Short selling, and its informational role in the formation of stock prices have been the epicenter of prior literature. Is there a relationship between short selling and abnormal returns? While numerous studies found a negative relationship, researchers do not unanimously agree on the existence, nor the strength, of this relationship. Using net short positions extracted from the registry of the FI for stocks listed in the OMX Stockholm 30 Exchange from January 2017 to December 2020, we examine this relationship exclusively in Sweden. The results have been scrutinized via regression analysis to verify if there is any significant relationship between the announcements of total net short positions and the non-adjusted, as well as the risk-adjusted abnormal returns.

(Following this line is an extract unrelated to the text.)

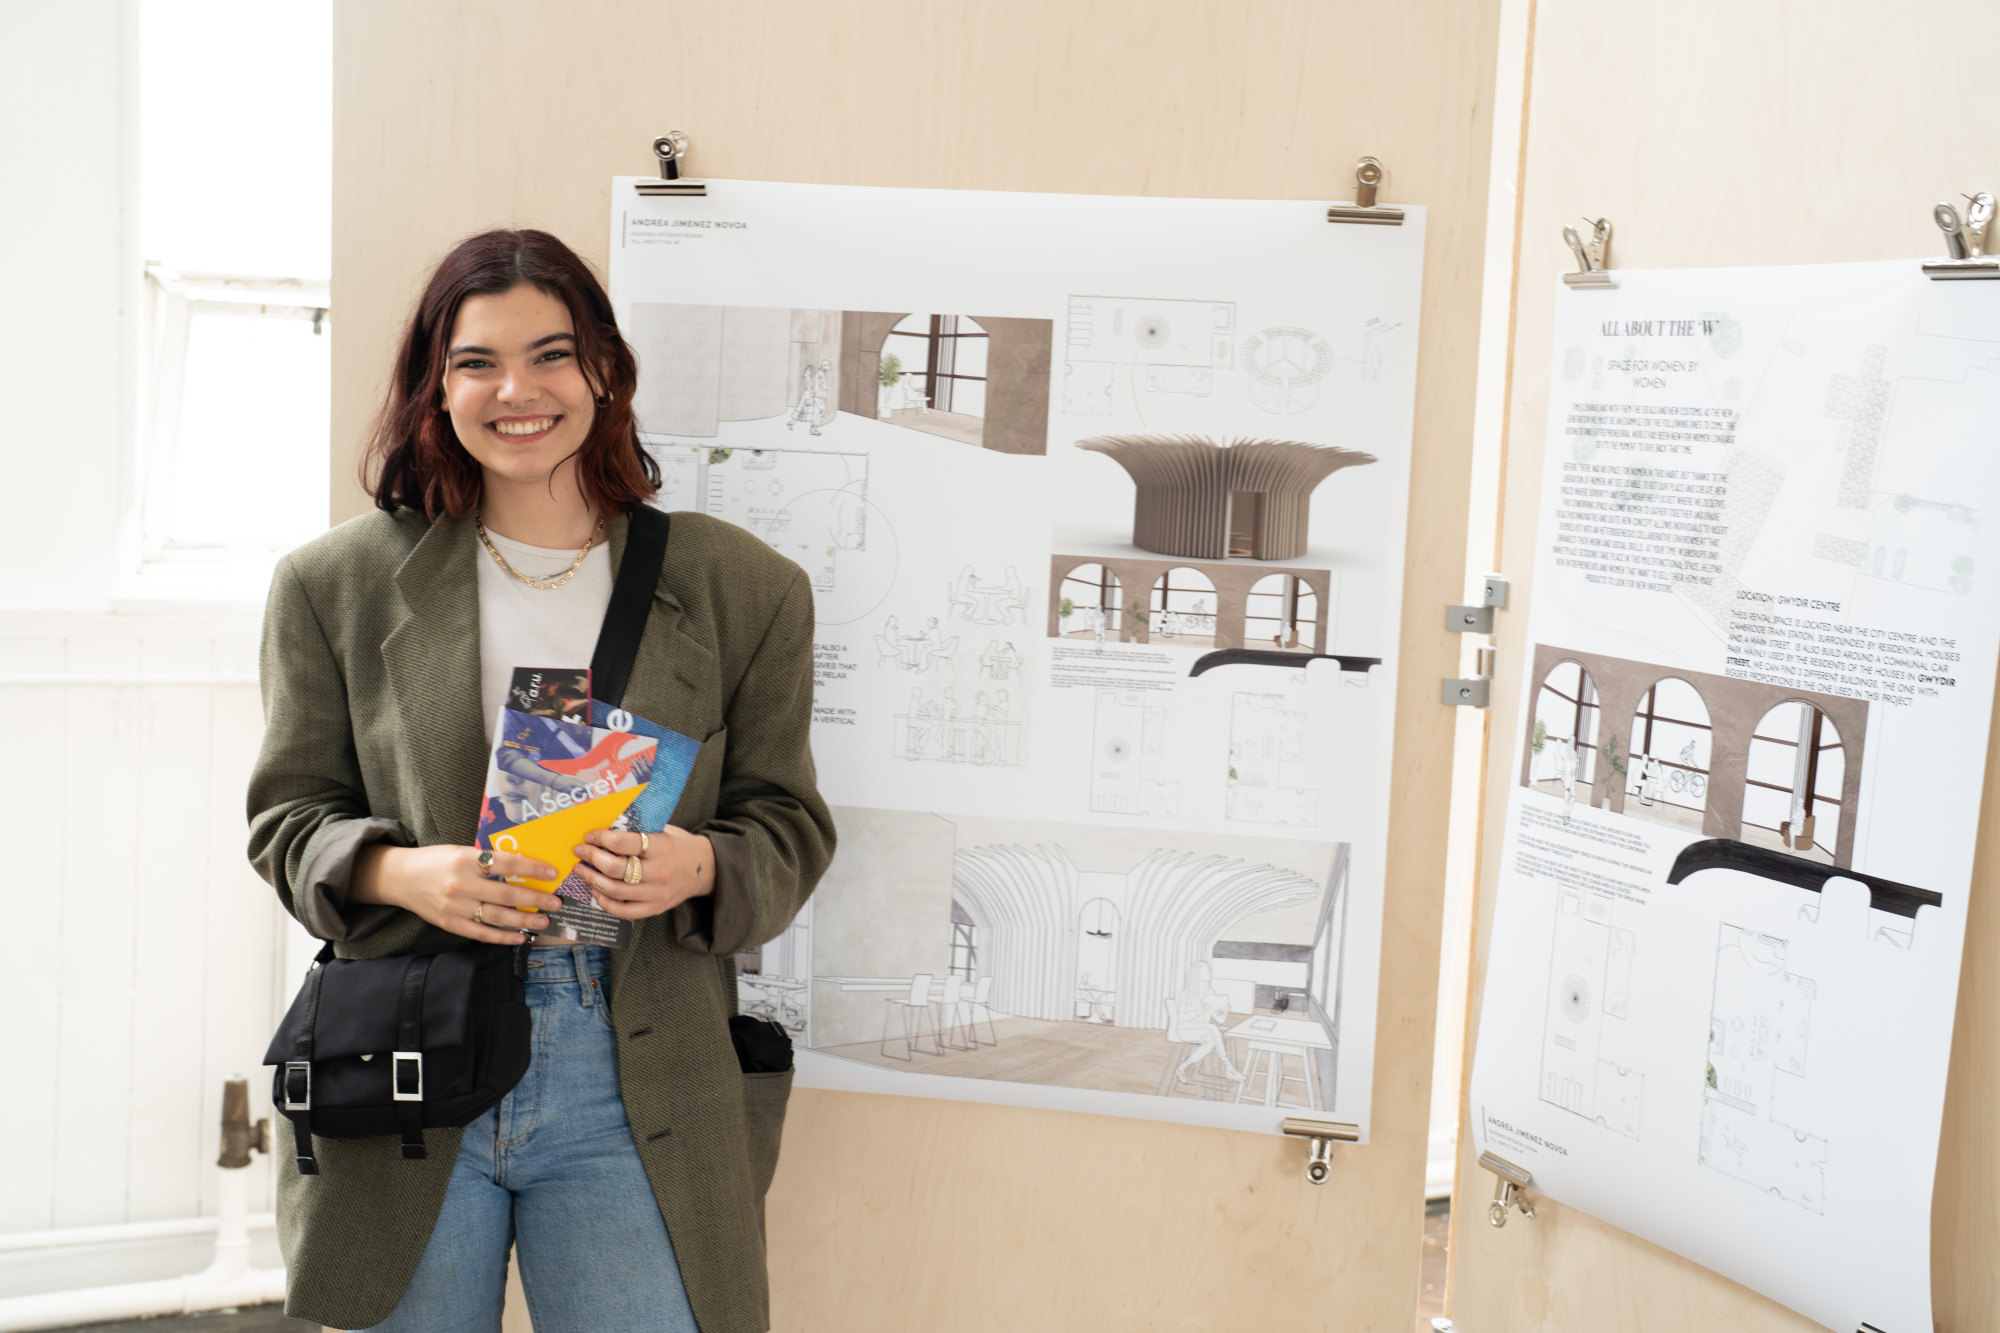 A young woman next to building design drawings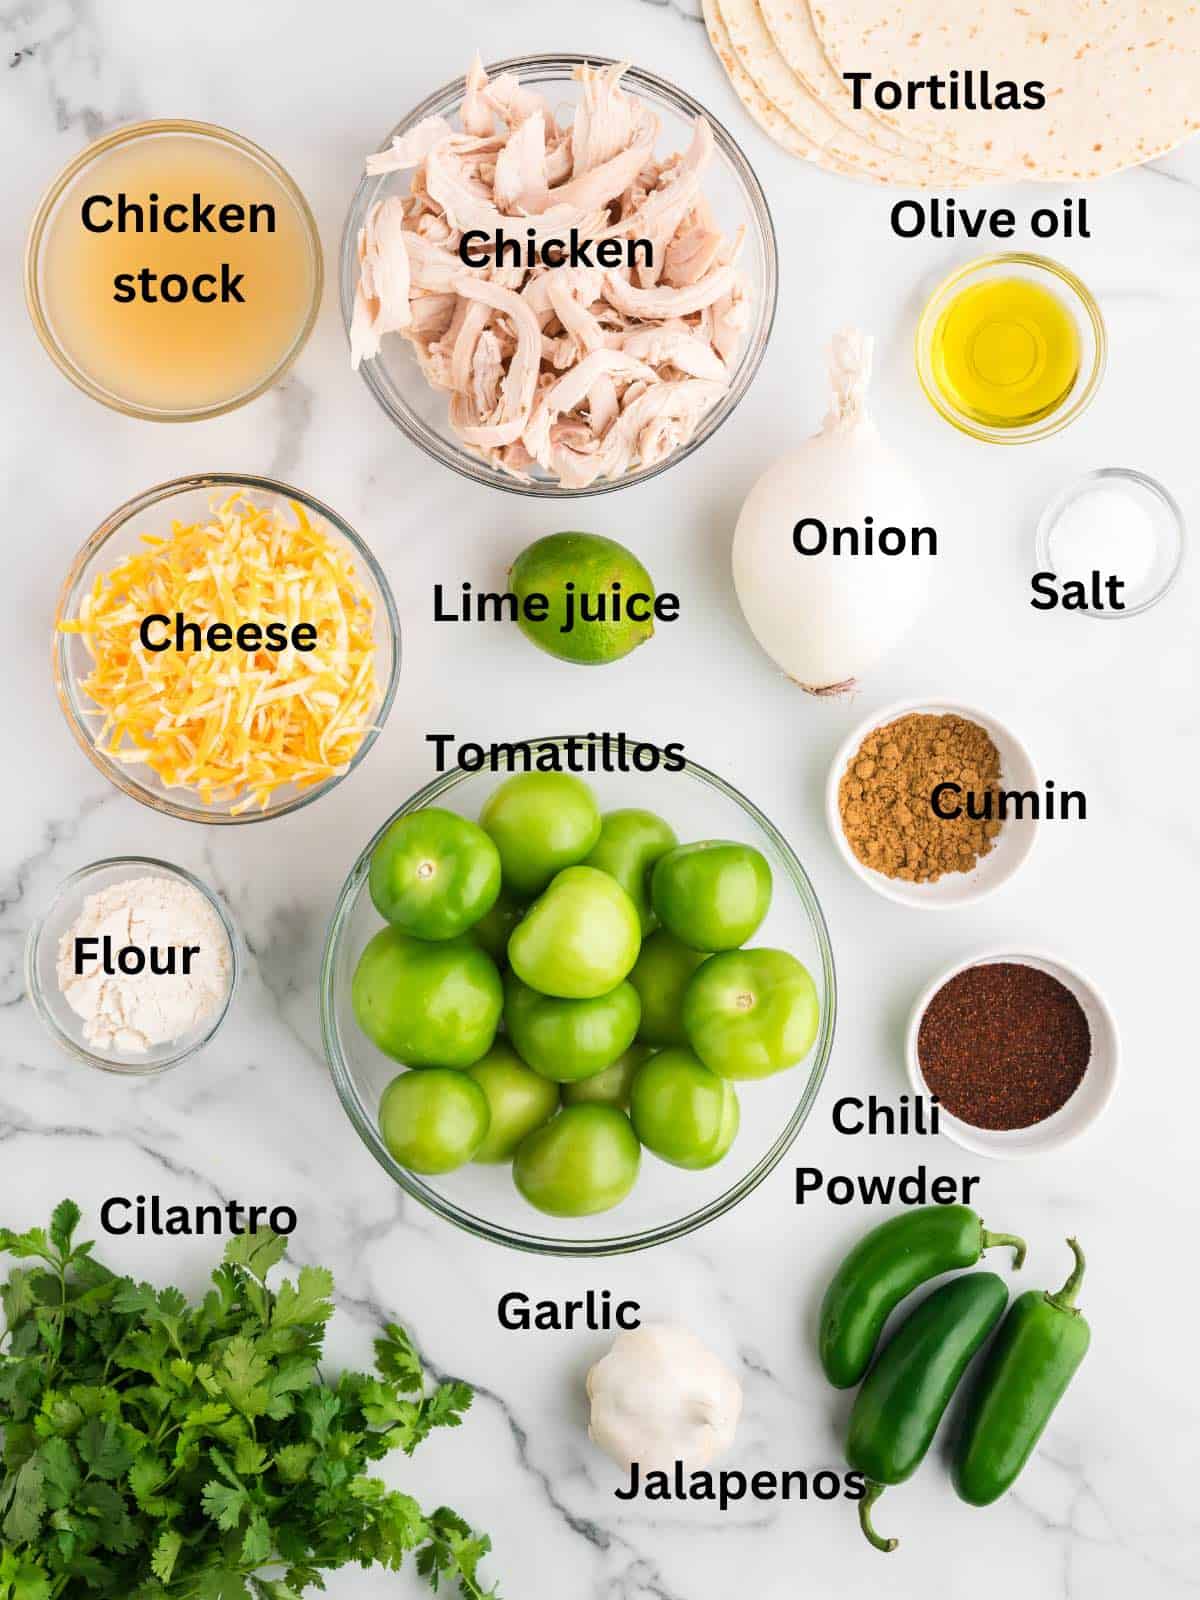 Ingredients for enchiladas include tomatillos, shredded chicken, cheese, and tortillas.

We did not find enough evidence to validate previous studies that supported the notion that heavily shorted stocks generate negative abnormal returns for the long buyers. There was a perceptible increase in both risk-adjusted and non-adjusted abnormal returns within a three-day window after the announcement of a short position. Yet, the value was merely zero, inferring that a higher level of short interest does not lead to negative stock returns.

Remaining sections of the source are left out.